Я пожала плечами, провезя ими по шершавым доскам.

– А то сына канана не за что убить? Если и не у вас, то у вашего отца небось врагов хватает.

– Но почему здесь?.. – выдавил Ниран.

Я снова пожала плечами и принялась делать дыхательную гимнастику для восстановления махары. Здесь, у подножия Оплетённой горы, её витало в воздухе достаточно, чтобы за ночь пополнить запас. Не то чтобы он мне завтра понадобится… Хотя как знать, если на Джароэнчая ещё будут покушаться, придётся защищать его, по крайней мере пока не отбуду на гору. Но от кого защищать – дело не моё. Мало ли кому он дорогу перешёл.
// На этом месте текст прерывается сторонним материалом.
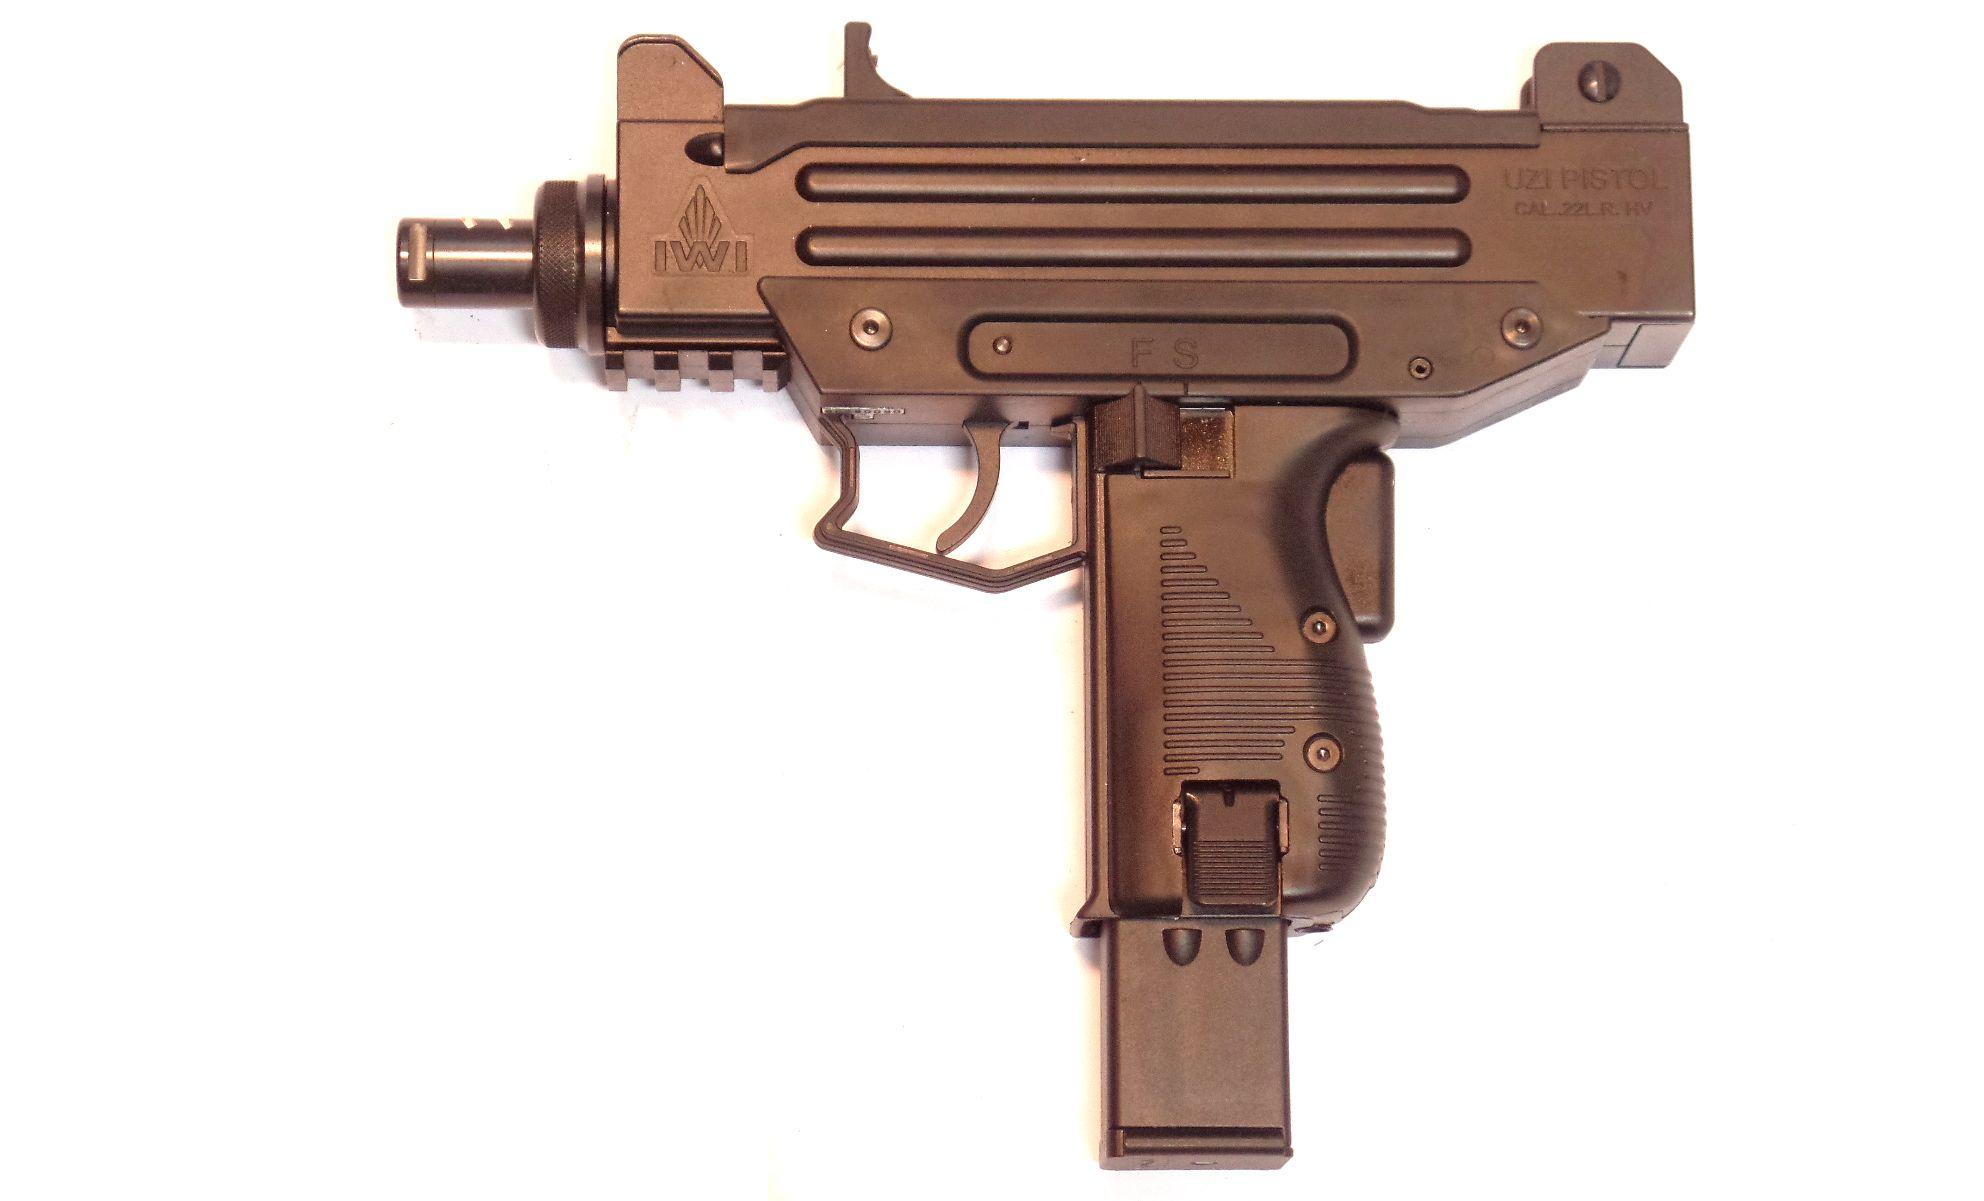 IMI / IWI UZI Pistol calibre 22LR

– Эту штуку трудно сделать? – спросил бывалый охранник.

Я покачала головой, неохотно прерывая дыхательное упражнение.

– Зависит от того, что у мастера было под рукой. Если болотные желтоскоки, то их пару сотен наловить надо, а если попался настоящий водяной, то и одного могло хватить.

– Подождите, – просипел Джароэнчай. – Это что, сделано… из демонов?

Я кивнула. Большая часть дряни для сведения счётов с врагами делается из демонов.

– Их морят голодом, пока они не ужимаются, а потом скручивают в жгутики… Если демон большой, то складывают такой жгутик во много раз. Ну и проклятиями приправляют, чтобы сшить всё это в сноп. Махары на такое уходит обоз. Прошитых уже невозможно вернуть в исходную форму, даже если накормить. Остаётся только сжечь.

Нирана стошнило прямо на настил, и я решила всё-таки встать и пойти в дом, авось там уже стало попрохладнее.

– Прани! – воскликнула Буппа, тяжело поднимаясь с колен. – Небеса милостивые, сейчас же мыться!

Я оглядела себя. Тело-то я защитила пеленой, а вот нежные белые шелка местами прогорели насквозь. От широких рукавов остались жалкие лоскуты. Волосы тоже местами подпалило. И всё это было изгваздано в желтоватой мути пруда и саже от обуглившихся досок.

– Может, завтра?.. – робко попросила я, сама понимая, что никто меня в таком виде на чистые простыни не пустит.

– И завтра тоже! – категорично заявила Буппа, сцапала меня за запястье и уволокла в свой банный мир.

* * *

На следующий день меня подняли затемно, чтобы начать приготовления. Ещё вчера я страдала, что со мной слишком долго возятся, но это не шло ни в какое сравнение с сегодняшними мучениями. Время от времени Буппа подводила меня к огромному зеркалу в омывальной и заставляла крутиться, чтобы оценить результат, после чего кто-нибудь из служанок замечал огрех, и всё начиналось сначала. Я сама вообще не видела разницы между этапами, но они уверяли, что любая обеспеченная горожанка сразу бы всё заметила. Они издевались надо мной от четвёртой до двенадцатой большой чаши, и когда мы наконец выдвинулись на встречу с Кессарин, солнце уже перевалило за полдень. В самый разгар зноя на улицах почти не осталось людей – на то и был расчёт, но сидеть в душной тесной повозке, которая нагревалась, как бочка с перегноем, то ещё удовольствие.

Чтобы добраться до особняка Адульядежа в приличном виде и не растворить собственным потом наведённую красоту, мне пришлось окутать себя пеленой прохлады, которая светилась на всю повозку. К счастью, снаружи, на ярком солнце, это было не очень заметно.

– А как же мой меч? – спохватилась я, когда мы с Джароэнчаем и Буппой отъехали от дома.

Ниран уставился на меня.

– Вы же выдаёте себя за городскую прати из семьи канана. Откуда у неё может быть меч? Не говоря уже об умении им владеть.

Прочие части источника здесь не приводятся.